Generally speaking, if you like to swing trade and hold your positions for a month or more, use these charts to time your open positions.

Here’s the kicker: you must hold on and weather the storm even if a month is bearish. 

Alternatively, I suggest using the charts more freely if you’re an active trader. 

Stock Market Seasonality Observations

  • Between May and August, the market gets quiet.
  • Despite what I mentioned above, markets get more bullish in May and bearish in August.
  • October through December are the best three consecutive months for U.S. equities.
  • Between October to April, stocks are seasonally strong
  •  April is the single strongest month for stocks
  • August and September are the ONLY negative net months (funny how two months scare investors away from the other 10)

There you have it; now you know what these stock market seasonality charts are, how they work, and how to read them.

You should already know how to include them in your strategy; even if you don’t, they are handy.

Examples of Seasonality in Sectors

We see seasonal strength in the U.S. high-tech sector from around the end of September to December and January. Coincidently, the sector peaks between the annual Las Vegas consumer electronics show (second week in January) and the start of fourth-quarter earnings reports (Jan end). 

How can you use this to your advantage? Well, statistically, the best time to place a seasonal trade for high-tech securities is during this time. 

Stock Market Seasonality Sectors

Periods of Strength

Take a look at holidays on the calendar and open a chart. What you’ll see are periods of strength around these times. Examples include

  •  Just before and after U.S. Thanksgiving 
  • Strength from just before Christmas until just after the New Year. 
  • We also have longer-term “cyclical” periods lasting several years. Look no further than the four-year “presidential” cycle.

Example of a Seasonal Investment Strategy

“Sell In May”

Sell in May” is one of the most well-known stock market adages and is based on one of many seasonal tendencies of the markets. However, “Sell in May” is not a new strategy. The saying’s been around 350 years, with roots in England’s early stock market.  

It’s thought that it dates back to when London stockbrokers took the summers off to launch their daughters into high society. They then returned in the fall, reflected in the substantial market rise. 

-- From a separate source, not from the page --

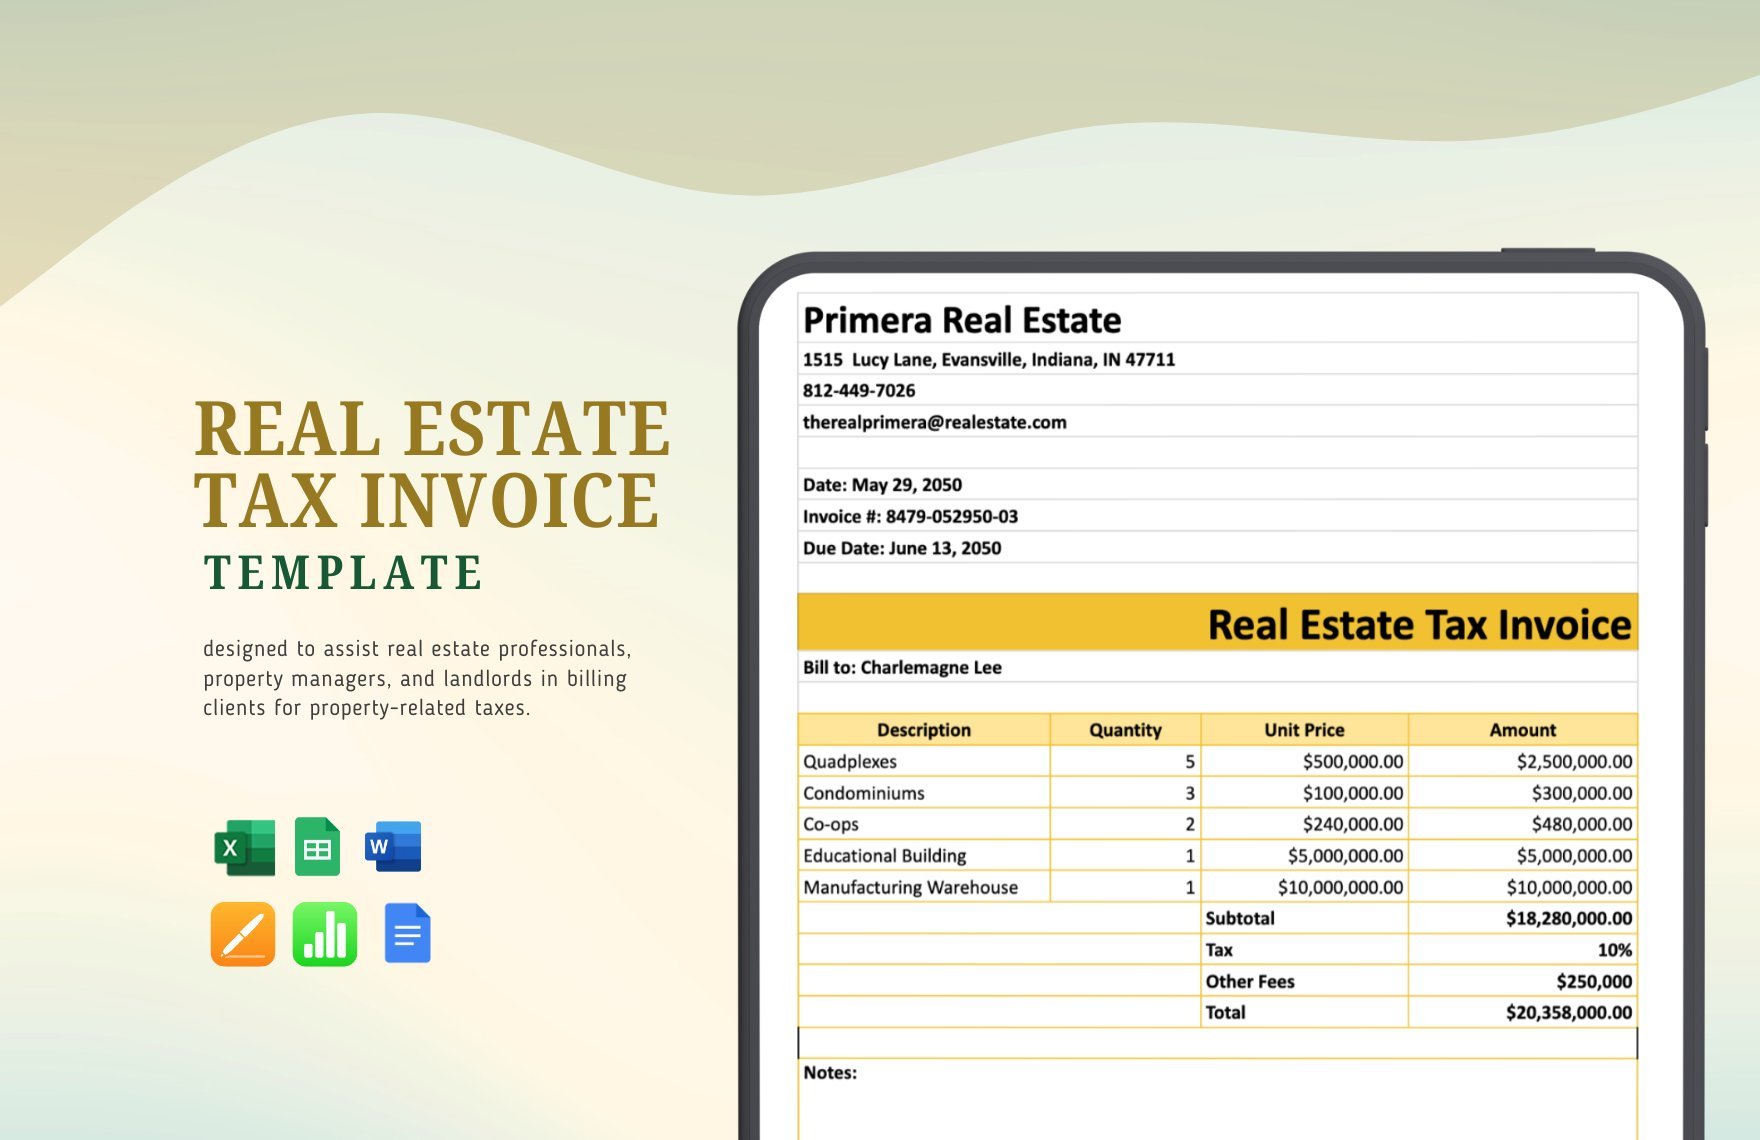 Real Estate Tax Invoice Template in Word, Google Docs, Excel, Google Sheets, Apple Pages, Apple Numbers

Final Thoughts: Stock Market Seasonality

I’ll be frank: do NOT use seasonality as a “stand-alone” tool to make investing and trading decisions. Even though it seems predictable and reliable, it’s only useful when used with fundamental and technical analysis

Seasonality analysis can be considered the bridge between fundamental and technical analysis. Fundamental analysis tells you what to buy and sell, whereas technical analysis tells us when to buy and sell. And when you tie it together, seasonal analysis tells us what and when to buy and sell.